In addition to promoting sound and reasonable thought, I'm going to use this blog as a platform to expose and discredit ideologies that I think are harmful. You may have already seen me take swipes at feminism and various forms of socialism. In this post, I'm going to knock evangelical vegans off of their moral high horse.
In case you didn't know, vegans are people who eat absolutely no animal products whatsoever. Some do it because they believe that it is healthier than eating meat, fish, eggs, milk, etc. These people are wrong. People who eat a strictly plant-based diet must rely too heavily on carbohydrates to supply necessary calories, which puts them at greater risk for diabetes, obesity, and other health problems. Plus, there is no plant that can do as good a job of providing high-quality complete protein as meat. For more info on the nutritional misinformation underlying health-based veganism, click here or check out "Free the Animal" on the blog links to your right.
Other vegans, the ones I'm directly calling out as "illogical" in the title, eschew meat for moral reasons. They believe it is wrong to inflict suffering on animals by breeding them in cramped conditions and killing them for meat. They want all animals to live free, happy lives "from birth until natural death" in the wild. Where do they get the idea that animal suffering is an evil? It's usually not from any religion, since most moral vegans are modern secular liberals who don't subscribe to any restrictive religious beliefs. This is too bad for them, since religion would give them a convenient justification for their practice: "I believe in Religion X, and according to Religion X, God says killing animals is bad, so I shouldn't do it." (If you are vegan/vegetarian because you are Hindu or for other religious reasons, this post is not about you. Your ideology is logically consistent, at least on this level.)
Instead, these vegans usually argue from a biological basis. They say that, because the theory of evolution demonstrates that humans evolved from other animals, and because we share a vast amount of our genetic material with other life forms (even those that seem only distantly related to us), humans and animals really aren't that different. We're just like them, but with bigger brains. Therefore, all the things we shouldn't do to humans also shouldn't be done to animals. If harming some humans for the good of other humans is bad, so is harming animals. If killing and eating people is bad, so is killing and eating animals.
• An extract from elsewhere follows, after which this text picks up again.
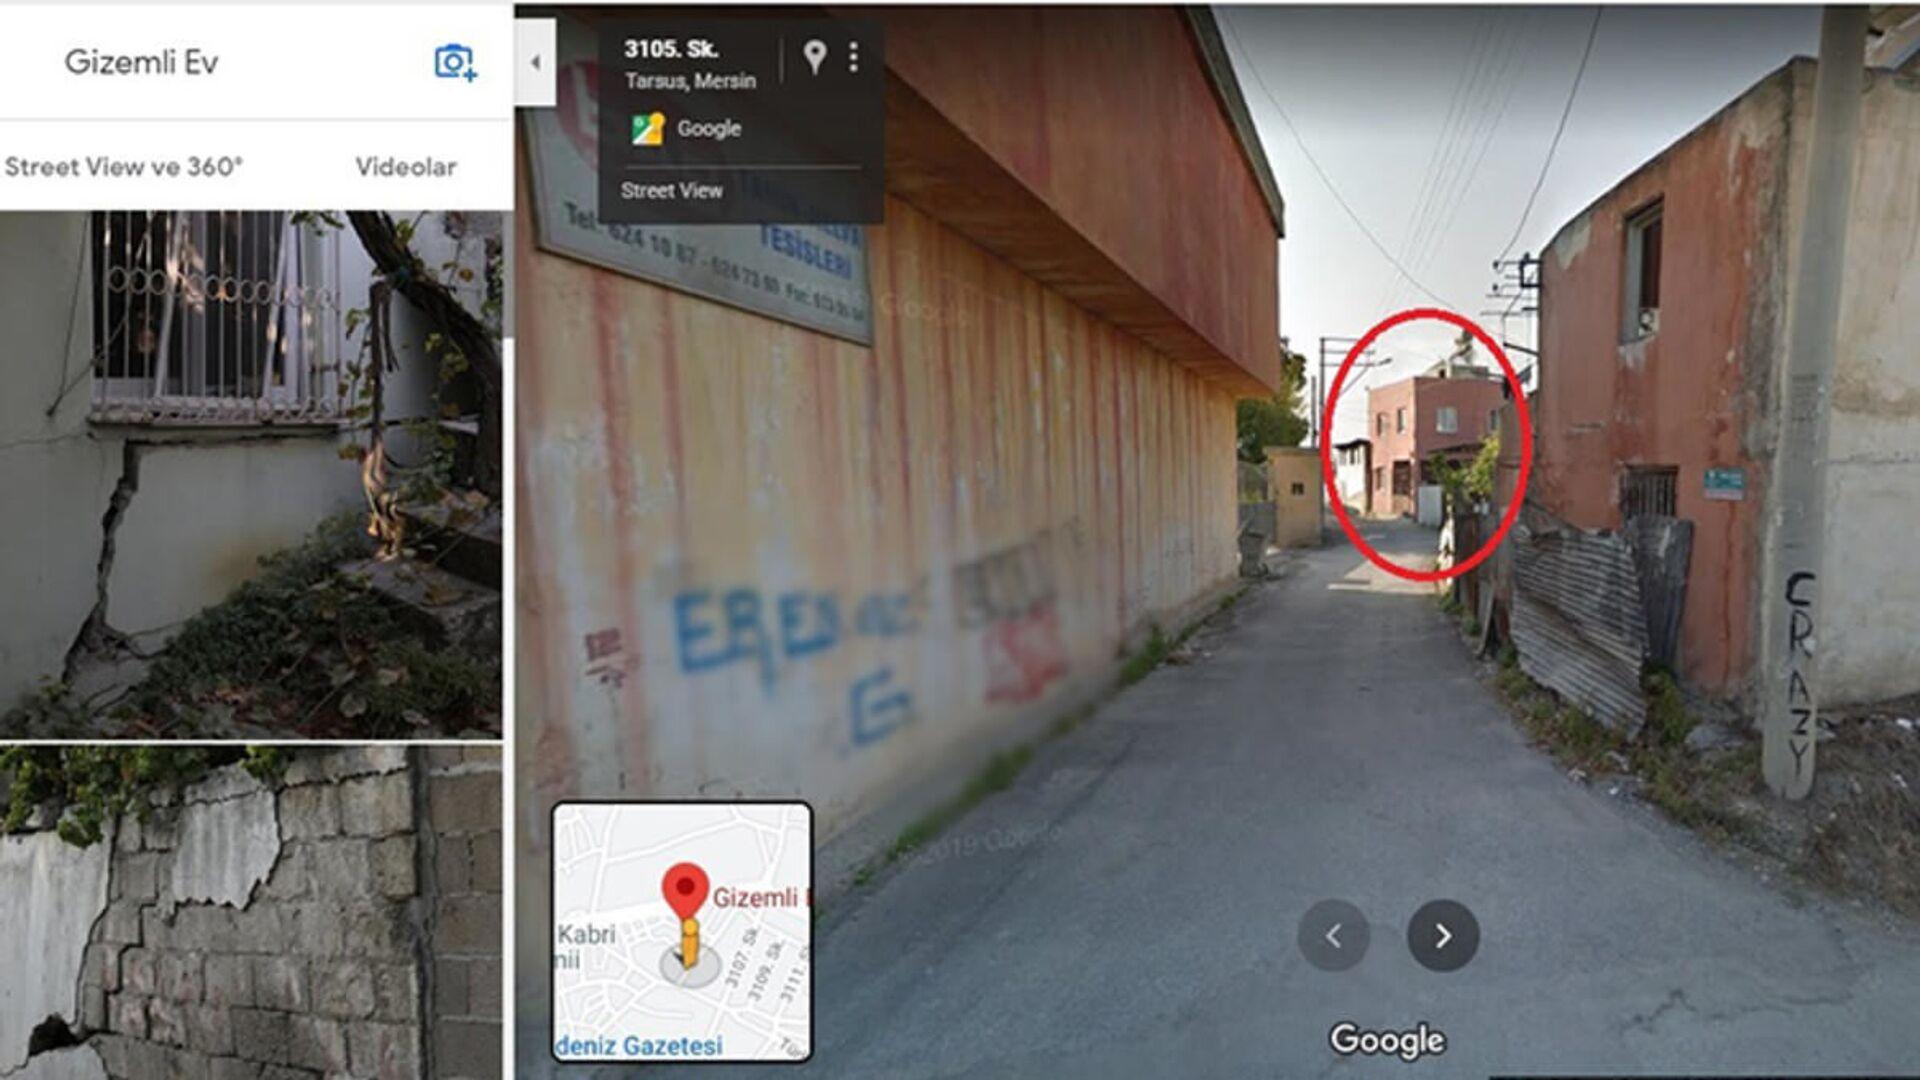 Mersin'deki 'gizemli ev' Google'ın haritalar hizmetinde işaretlendi - Sputnik Türkiye, 1920, 19.02.2021

Can anyone guess where the problem occurs in this line of reasoning? Here's a hint: humans aren't the only meat-eaters on the planet. If humans and animals are so morally equivalent, then carnivorous animals are committing a grave moral evil every time they kill and eat just to survive. Vegans might say that carnivores aren't sentient and can't reflect on the moral implications of their actions, but this is just an admission that humans and animals really are fundamentally different.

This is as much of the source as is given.